Bacci G, Ferrari S, Delepine N, Bertoni F, Picci P, Mercuri M, Bacchini P, Brach del Prever A, Tienghi A, Comandone A, Campanacci M
Service de Pediatrie, Medecin Interne Oncologique, Hopital Robert Debré, Paris, France.
J Clin Oncol. 1998 Feb;16(2):658-63. doi: 10.1200/JCO.1998.16.2.658.
In osteosarcoma of the extremity, a strong correlation between chemotherapy-induced necrosis and prognosis has been reported. The aim of this study was to investigate the possible factors that influence histologic response to primary chemotherapy.
In 272 patients with high-grade osteosarcoma of the extremity preoperatively treated with high-dose methotrexate (HDMTX), cisplatin (CDP), and doxorubicin (ADM), the histologic response to chemotherapy was evaluated and graded as complete (no viable tumor cells) or incomplete (persistence of viable tumor cells). Several factors, such as metastatic disease to the lung at diagnosis, sex, age, site and tumor volume, histologic subtype, serum alkaline phosphatase, lactate dehydrogenase (LDH), and methotrexate (MTX) pharmacokinetics were investigated to test their predictive significance on histologic response.

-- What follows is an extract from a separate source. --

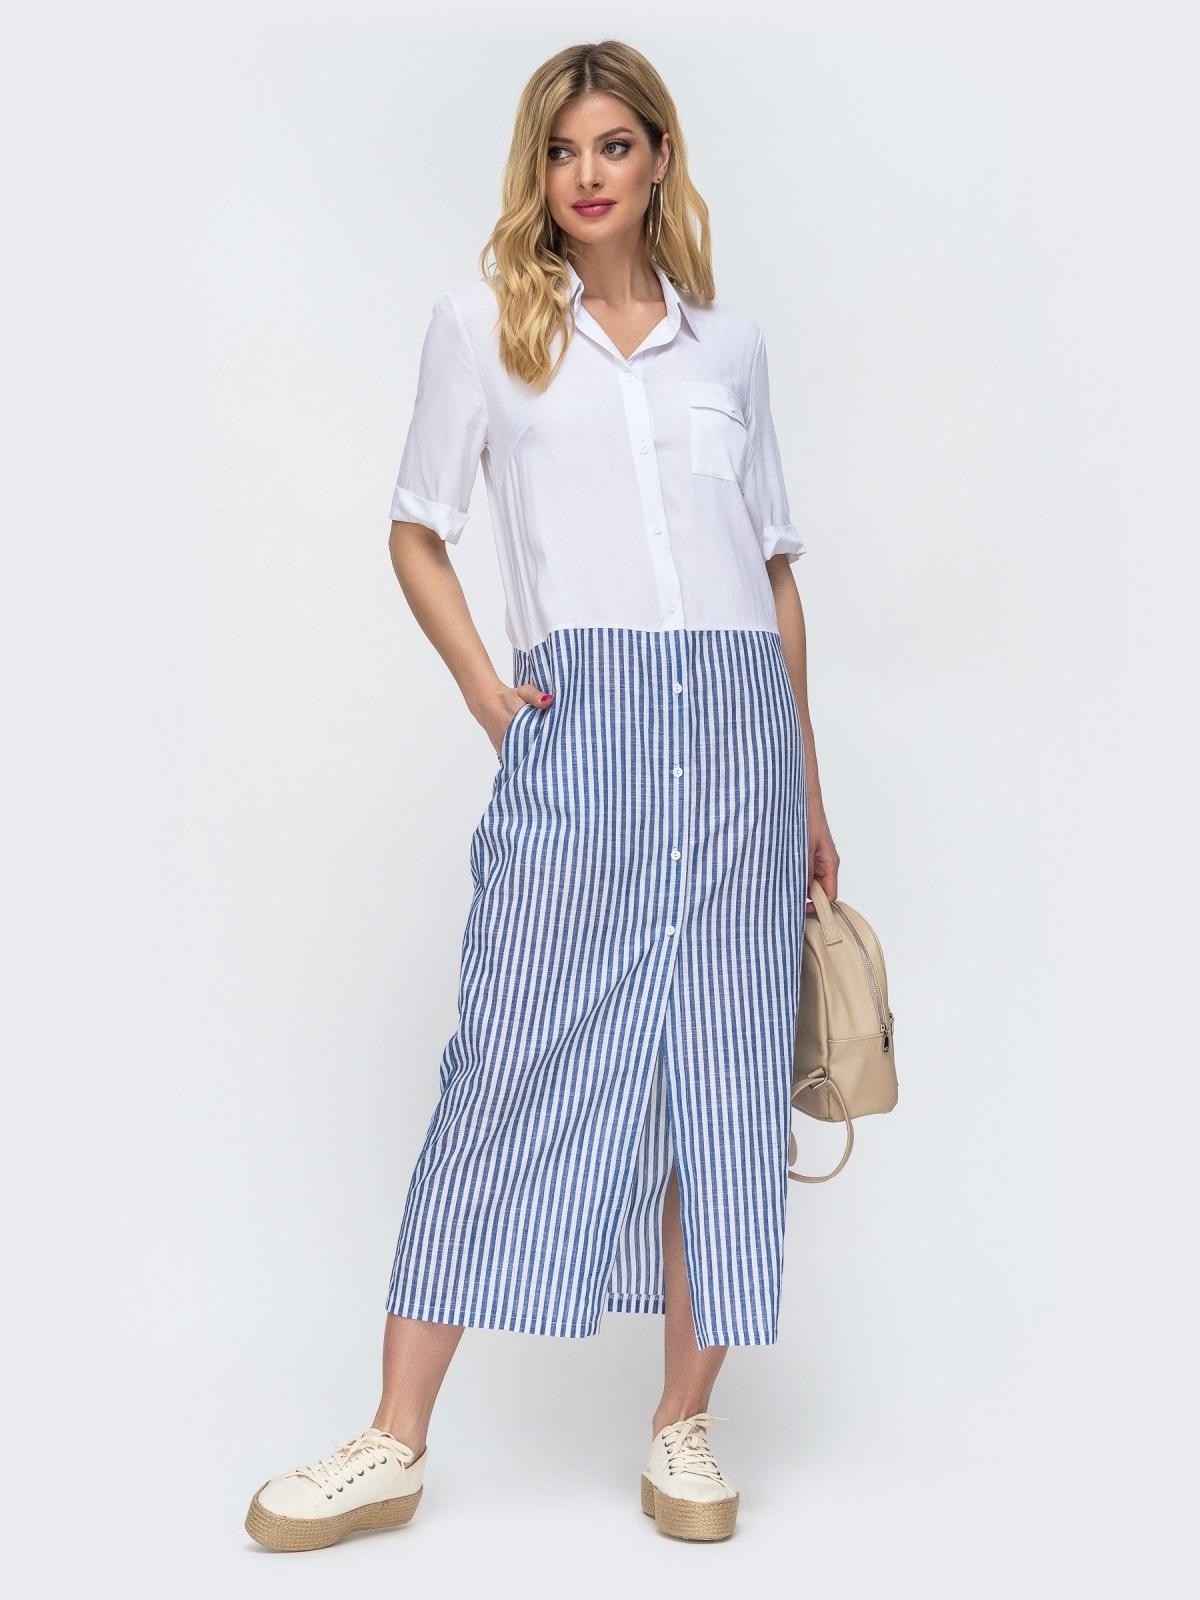 Белое платье-рубашка в узкую синюю полоску по низу 46812, фото 1

Fifty-one patients with localized disease (20.6%) and none of the 25 patients with metastatic disease at presentation had a complete histologic response (P = .006). After multivariate analysis, performed on patients with localized disease only, MTX serum peak (> or = 700 micromol/L) and histologic subtype were proven to be significant predictive factors of histologic response. A complete response was seen in 28.8% of patients with 700 micromol/L or greater MTX serum levels and in 9.9% of those patients with lower levels (P = .001). The chondroblastic subtype was less responsive (6.1% of complete response), compared with the osteoblastic (16.3%), fibroblastic (33.3%), and telangiectatic (42.3%).
Patients with metastatic osteosarcoma and localized chondroblastic osteosarcoma have a reduced chemosensitivity to primary chemotherapy with MTX, CDP, and ADM. MTX serum peak significantly influences tumor necrosis. A dose adaptation of MTX is recommended to obtain a serum peak of 700 micromol/L or greater when MTX is infused in 6 hours.
在肢体骨肉瘤中,化疗诱导的坏死与预后之间存在密切相关性。本研究旨在探讨影响对初始化疗组织学反应的可能因素。
对272例接受高剂量甲氨蝶呤(HDMTX)、顺铂(CDP)和阿霉素(ADM)术前治疗的肢体高级别骨肉瘤患者,评估其对化疗的组织学反应,并分为完全缓解(无存活肿瘤细胞)或不完全缓解(有存活肿瘤细胞残留)。研究了几个因素,如诊断时肺转移情况、性别、年龄、部位和肿瘤体积、组织学亚型、血清碱性磷酸酶、乳酸脱氢酶(LDH)以及甲氨蝶呤(MTX)的药代动力学,以检验它们对组织学反应的预测意义。
51例局限性疾病患者(20.6%)出现完全组织学缓解,而25例初诊时有转移疾病的患者均未出现完全组织学缓解(P = 0.006)。仅对局限性疾病患者进行多因素分析后,MTX血清峰值(≥700 μmol/L)和组织学亚型被证明是组织学反应的重要预测因素。MTX血清水平≥700 μmol/L的患者中28.8%出现完全缓解,而血清水平较低的患者中这一比例为9.9%(P = 0.001)。与成骨细胞型(16.3%)、纤维母细胞型(33.3%)和毛细血管扩张型(42.3%)相比,软骨母细胞型反应较差(完全缓解率为6.1%)。
转移性骨肉瘤和局限性软骨母细胞型骨肉瘤患者对MTX、CDP和ADM的初始化疗的化疗敏感性降低。MTX血清峰值显著影响肿瘤坏死。当MTX在6小时内输注时,建议调整MTX剂量以获得≥700 μmol/L的血清峰值。